I would not start with the Singapore toughies in levels 5 and 6, however. I suggest buying the Challenging Word Problems level 2 or 3 and working your way up. Level 2 is an easy place to start, if your student is easily intimidated by word problems. When we started in level 2, I would draw the bars—and then after a few weeks of that, my son had to start drawing them, but he didn’t have to do the calculations. We went through most of level 3 that way, gradually getting into more complex diagrams. Near the end of CWP 3 and throughout CWP 4, I made him go ahead and find the solutions. Now, he can work almost anything the Singapore books throw at him.
You can also practice bar diagrams online at the Thinking Blocks site.
Update: My New Book
You can help prevent math anxiety by giving your children the mental tools they need to conquer the toughest story problems.
Read an expanded version of Cimorene’s story—and many more!—in Word Problems from Literature: An Introduction to Bar Model Diagrams. Now available at all your favorite online bookstores.
And there’s a paperback Student Workbook, too.
Try this. The trick is to make a table with vertical lines on the top and bottom, and vertical bars in between the cells. Then encapsulate the whole thing inside an mbox since wordpress puts it all in math mode.
\mbox{
\begin{tabular}{|c|c|p{2cm}|cc|} % four centered columns (automatic-width), and one 2cm-wide column, with some vertical bars
\hline % line at the top
$4$ & some text & & no vertical between this column
and next: & $x^2 – 1$ \\
\hline % line at the bottom
\end{tabular}
}
Hopefully you should be able to adapt that to your needs — let me know if it works.

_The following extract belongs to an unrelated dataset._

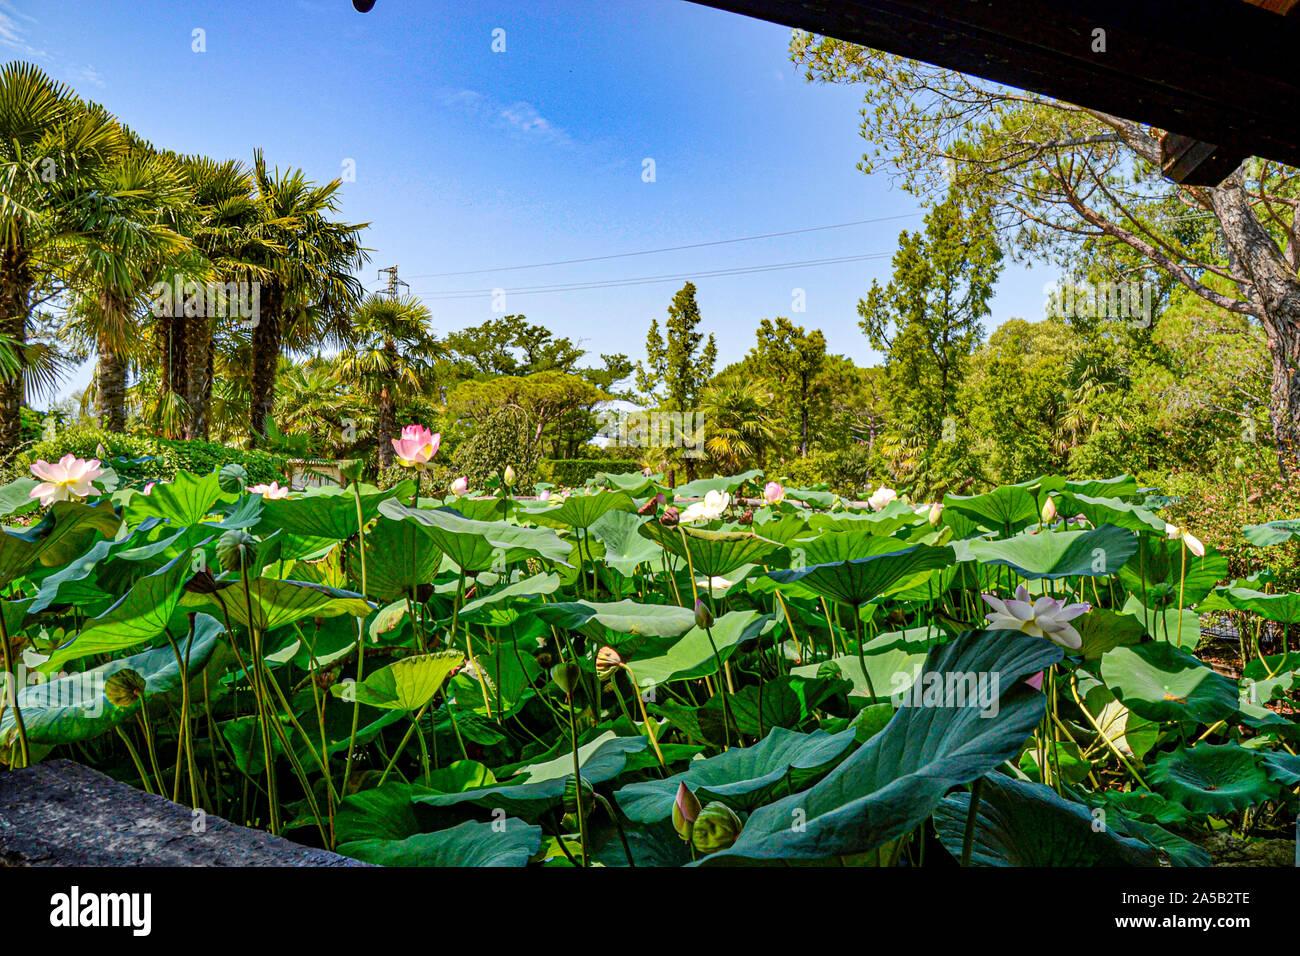 Seerosen / im Zoo Punta Verde in Lignano (Italien) / Tierpark in Lignano / Sehenswürdigkeit in Lignano (Italien) Stock Photo

And if you ever need more LaTeX help, just holler — I know way more than is good for me from typesetting the book I’m writing!
Thanks! But that is not going to work. WordPress.com only has a tiny bit of Latex—enough to handle one single equation at a time. If there is a line break anywhere, it gives up, and as soon as it sees a “$” it quits. I don’t know, maybe there is no way to draw what I want with the program we have.
Hrm, that’s annoying. Well, the linebreak problem is easy to solve. I put the linebreaks in above just to make it more readable; they’re not part of the LaTeX syntax so you could just put everything all together on one line (being sure to take out the comments starting with %, of course!). But the fact that it stops as soon as it sees a $ is more difficult. I guess I understand why it does that, since you insert LaTeX by enclosing it in
. Hmmm… of course, another solution would be to somehow be able to convert LaTeX to an image, then include the image into your post. But I’m guessing that might be too heavyweight for your purposes, since it would probably involve downloading LaTeX along with some sort of utility for converting LaTeX to images (e.g. tex2png, http://www-cdf.fnal.gov/~cplager/latex/). Unfortunately, I searched around the web but was unable to find any sort of website where you can just type some LaTeX into a text box and have it format it as an image for you. Which is a shame, since that wouldn’t be that hard to pull off, so I’m surprised no one has done it…
It looks like this page at HomeschoolMath.net might do it. At least, it made a nice picture from what you gave me. Now, I need to dig out that Latex tutorial again and study it more diligently to see how I can tweak the thing.